Last week was a difficult yet enlightening one for me. Circumstances forced me to get honest with myself and let go of a long cherished fantasy. I don't care to share what that fantasy was except to say it was one that brought a great deal of joy and pleasure to my life and another until it became unhealthy.
The funny thing is, I believed I had let go of this fantasy some time ago only to be hit in the gut with the realization that I hadn't loosened my grip on it nearly as much as I wanted to believe. I was confronted with the stark realization that I had lived for years and was still living with the hope of making my fantasy work without injury to myself or others. I did a good job of convincing myself that I could control myself, but this relationship was not like the others that I could take or leave. It never would be because my heart was wrapped up in it and it always would be no matter how hard I tried to tell myself otherwise.
The realization was quite a shock to me.
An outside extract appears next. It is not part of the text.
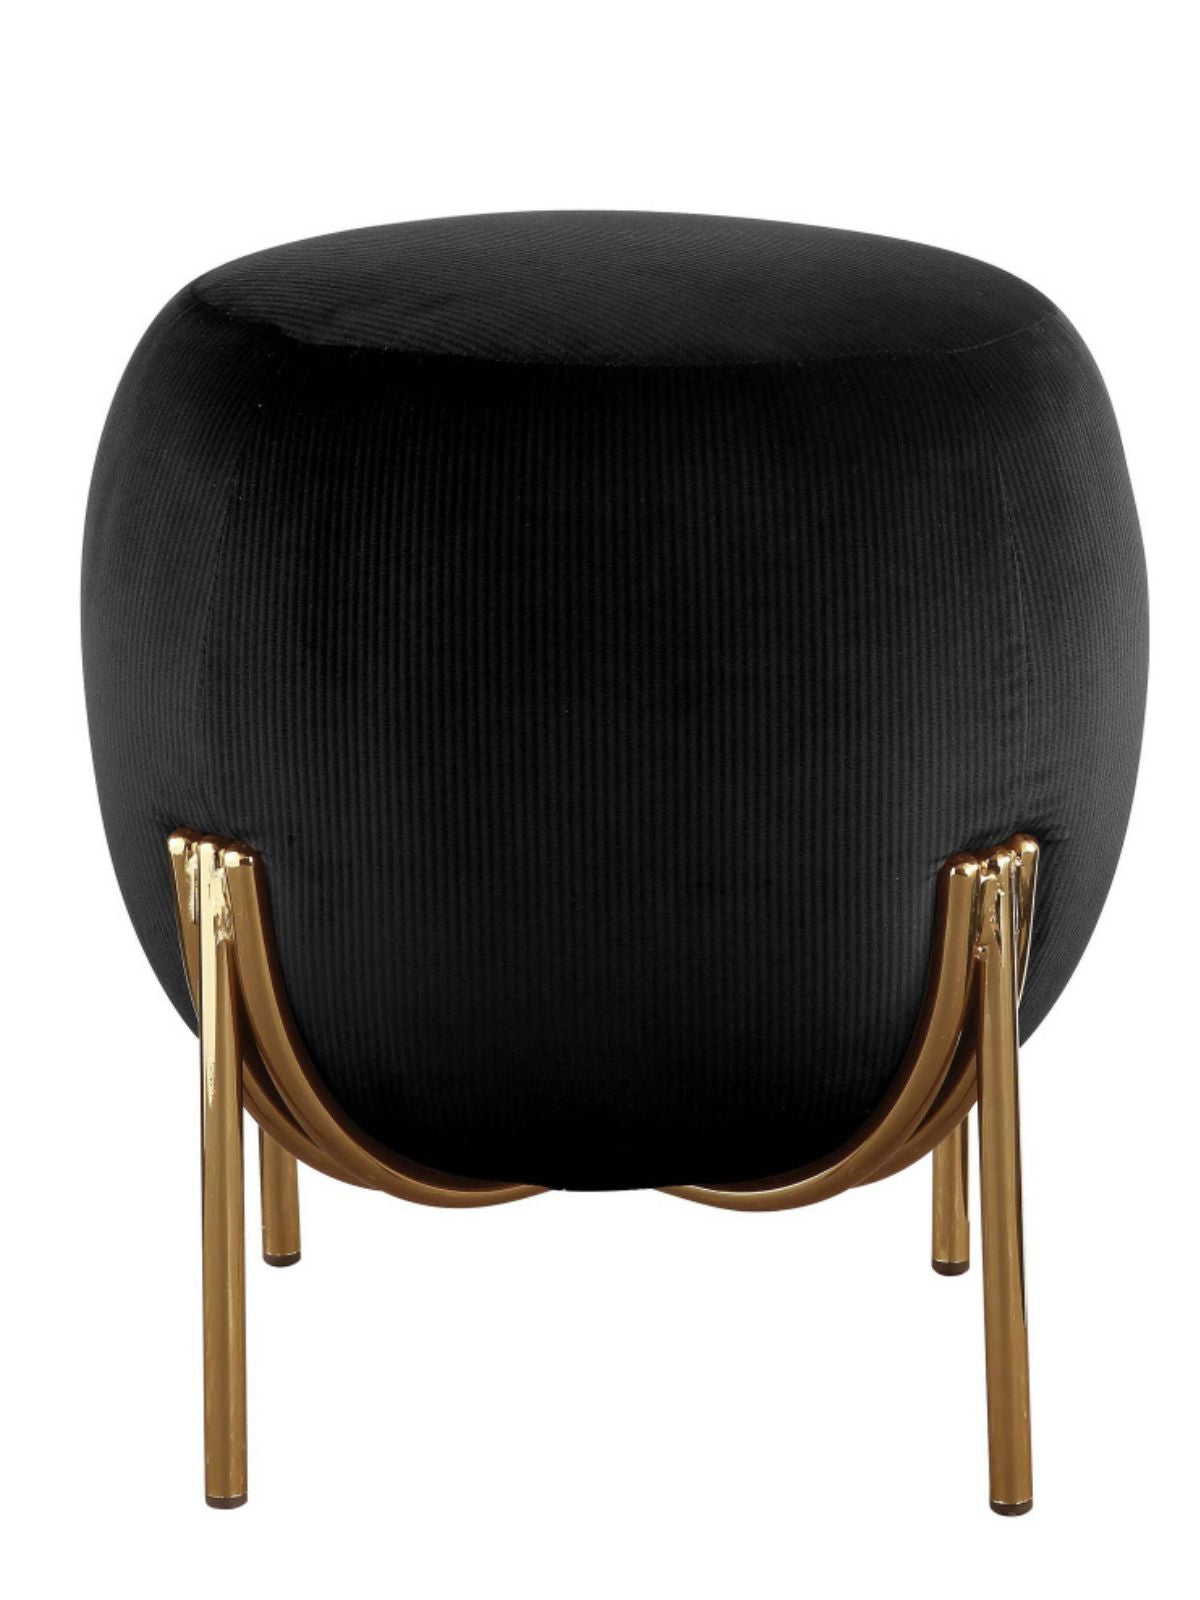 The Sprassi ottoman is ideal to be a footstool or a platform to stack your favorite readings, this round piece is featuring fully padded seat in velvet fabric with metal straight leg.

I had done a marvelous job of lying to myself with the noble intent of soothing what hurt while all along nurturing the hope that still nested in my heart.
The result of all this is a swirl of feelings and emotions. I find myself grieving the loss of something dear to me all over again. I found myself unable to control tears I had not shed for this fantasy for years as it disintegrated before me once and for all.
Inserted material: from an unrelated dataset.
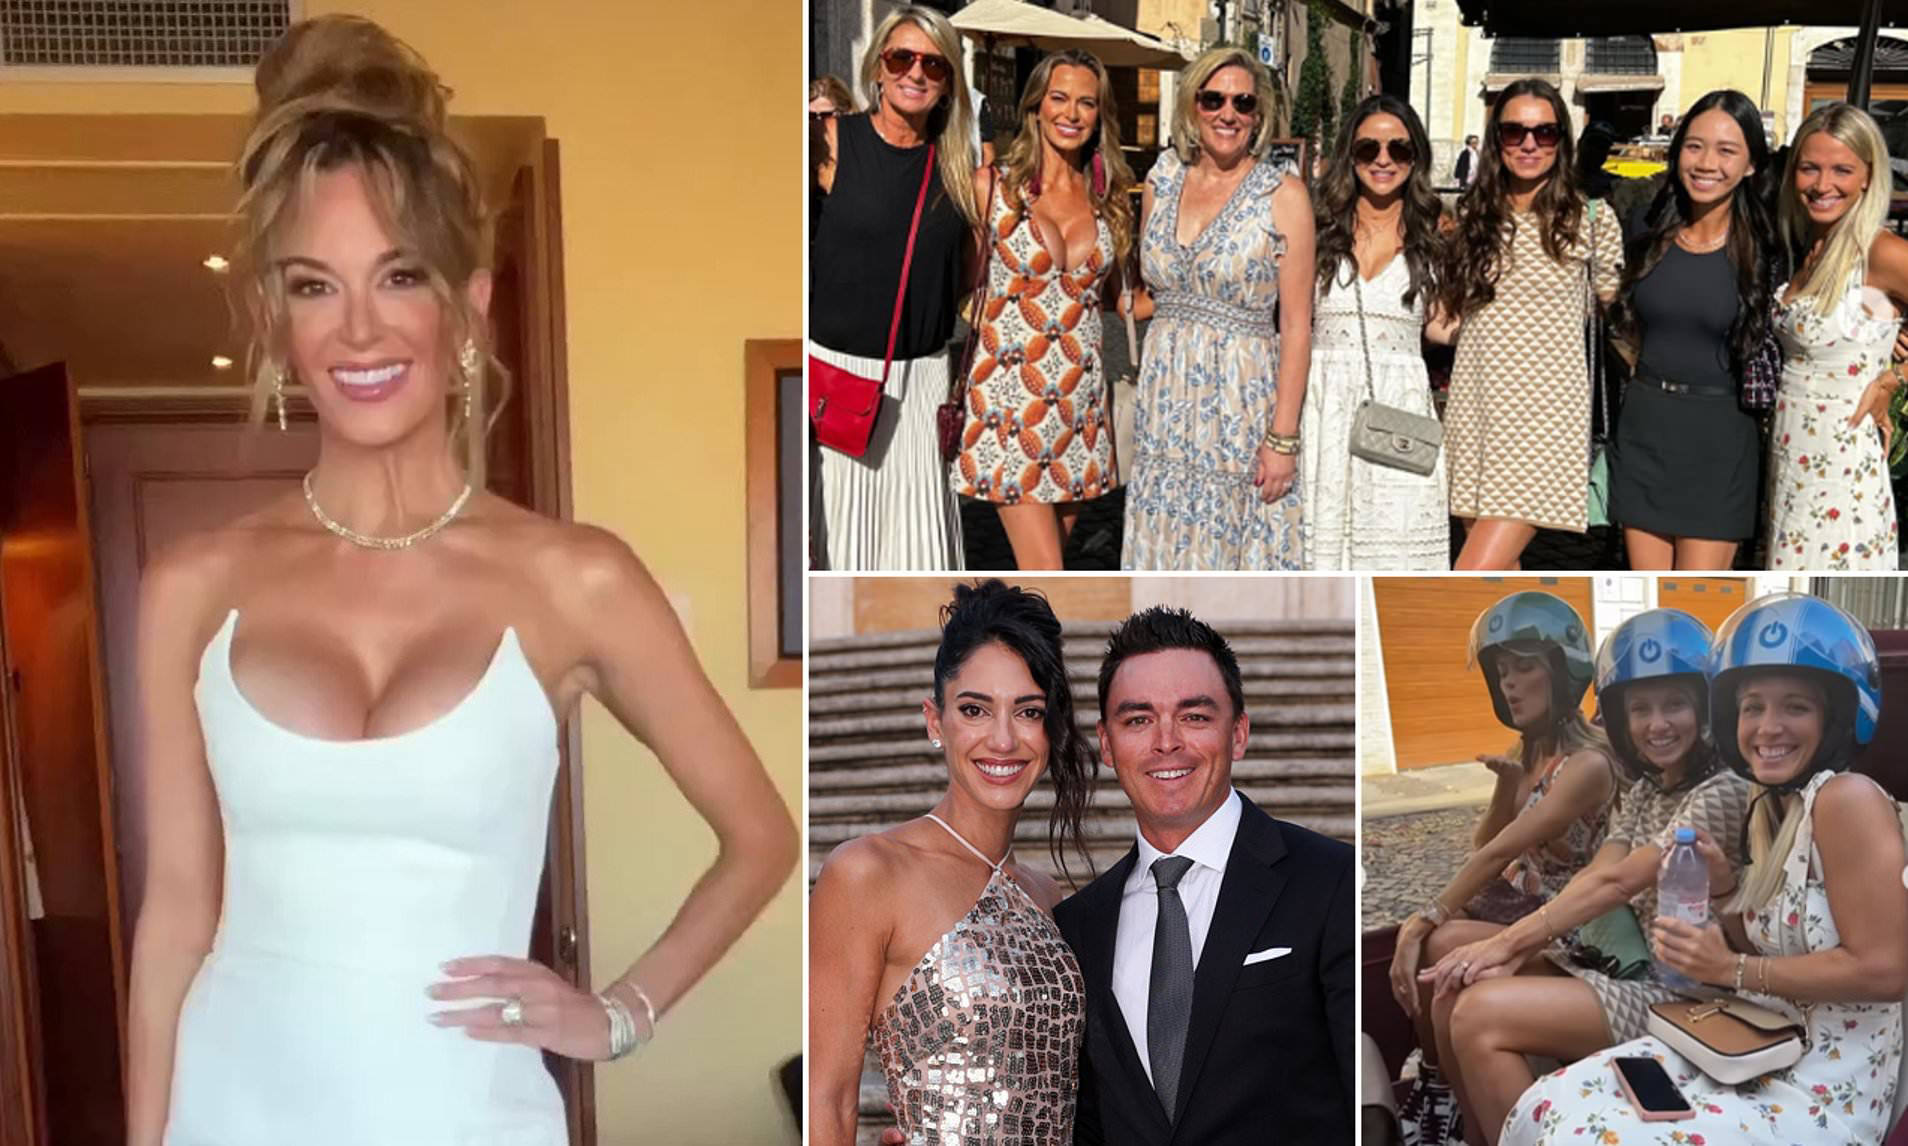 Ryder Cup Team USA WAGs enjoy a day out in Rome

While at the same time experiencing a great sense of relief that I could finally free myself and another from this desire that did not serve. I felt a sense of gratitude that I was finally forced to be brutally honest with myself about this secret hope that still lived in my heart and the fact that it simply could not be.
I would like to say I am at peace with this loss now, but I am not there yet. What I feel is a certain sense of emptiness. What I feel is fear for how I will replace something that had occupied a large space in my heart for many years. While enjoying a sense of release with letting this fantasy go, I also feel a great deal of sadness to see it die. Although a source of great pain when I allowed it to swirl out of control, it was also a source of great happiness and intense desire in my life. How do you replace something like that?
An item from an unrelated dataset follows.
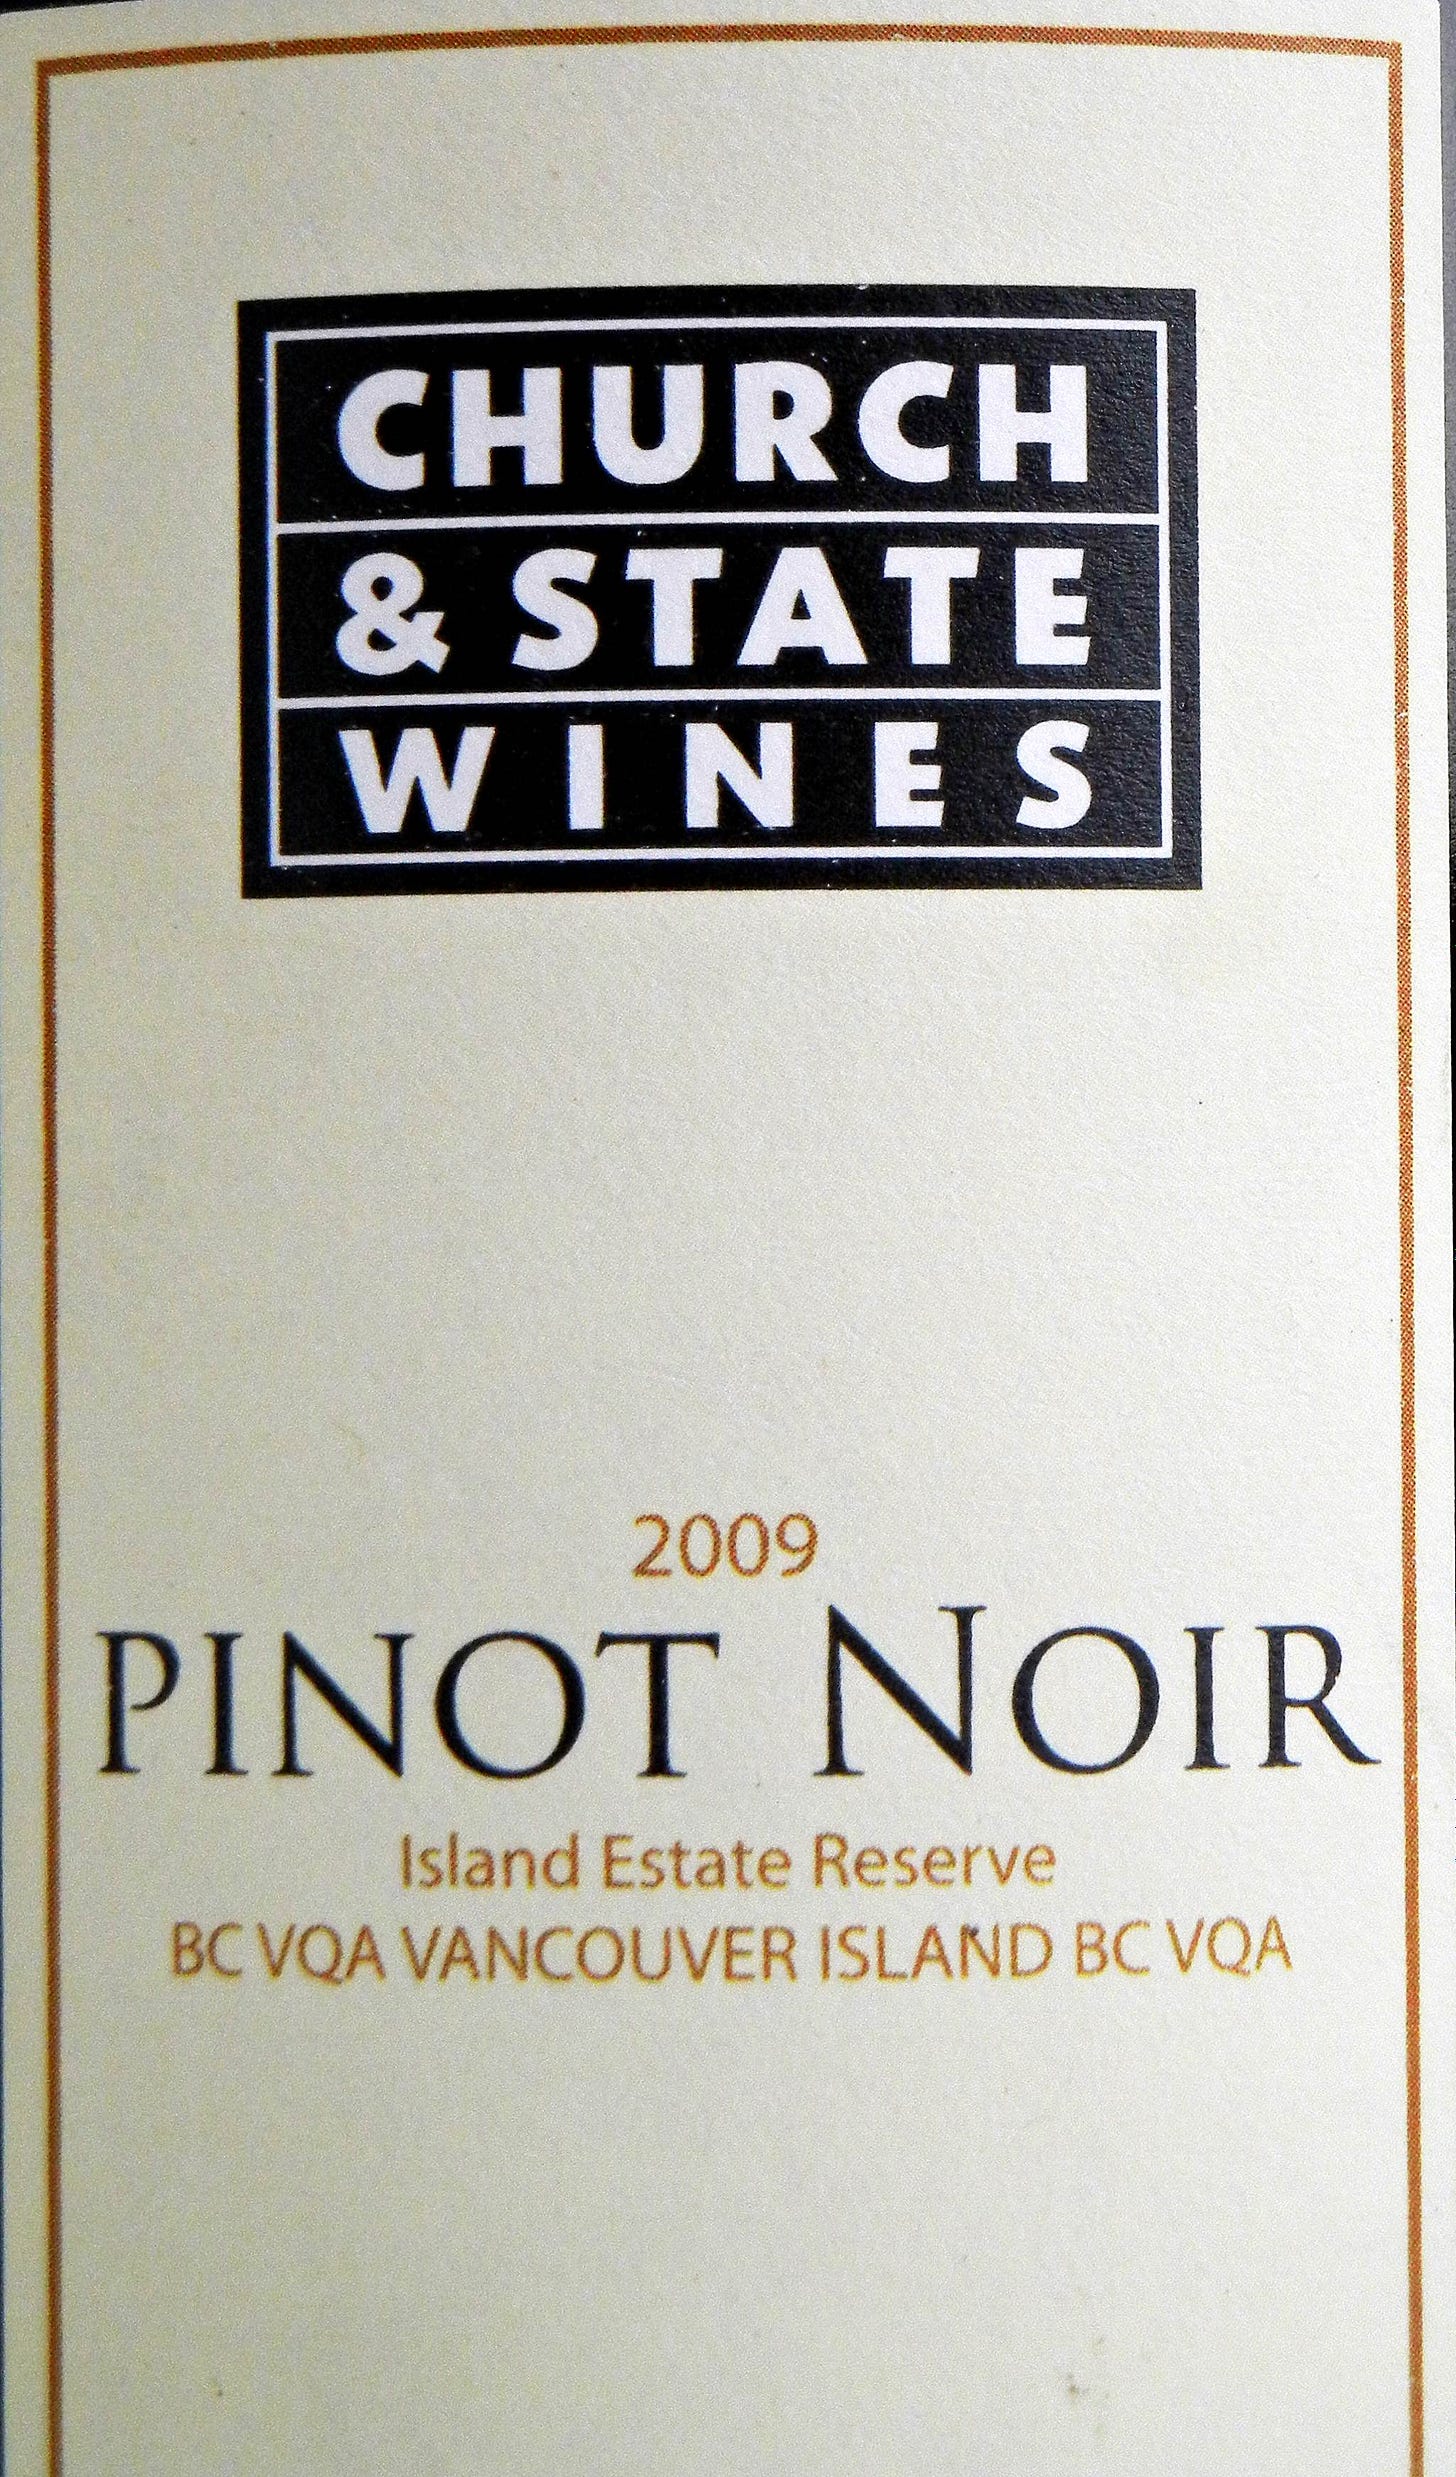 Church & State Island Estate Reserve Pinot Noir 2009 Label - BC Pinot Noir Tasting Review 26

I have an overwhelming sense,however that this is a new beginning for me. Holding onto the hope of this fantasy whether I was concious of doing so or not, kept me stuck in the same place in my life as I waited for the past to be reborn. As for the empty space I spoke of, I am fully aware now that I have tried to fill this space not only with this particular fantasy, but with a vast array of people, things, and habits (some healthy, some decidely unhealthy) none of which ever completely did the trick simply because they were never meant for that purpose. I recognize now that no person(not even Jay or my children) or thing or habit is ever going to be big enough to fill it. A truth I have only recently come to accept as fact. I know beyond the shadow of a doubt that only something much Bigger offers what I seek to fill that space.
While wistful at letting go of the past, I also look forward to a new beginning with a deeper understanding of who I am and where I've been. I feel grateful to have been loved so well in my life both past and present by romantic partners, friends and family. I am content to understand that just because someone cannot offer their love to you in the form you would most desire, doesn't make it any less real for you or for them.
I can find peace in acceptance that I don't always know what's best for myself, my desires are sometimes not ones which would serve me most. If I will get out of the way, and allow it, there is a Force greater than myself that does know how to find my greater good and will lead me to it. I am grateful to all those He places along my path (some of them read this blog and know who they are) to help me find my way there.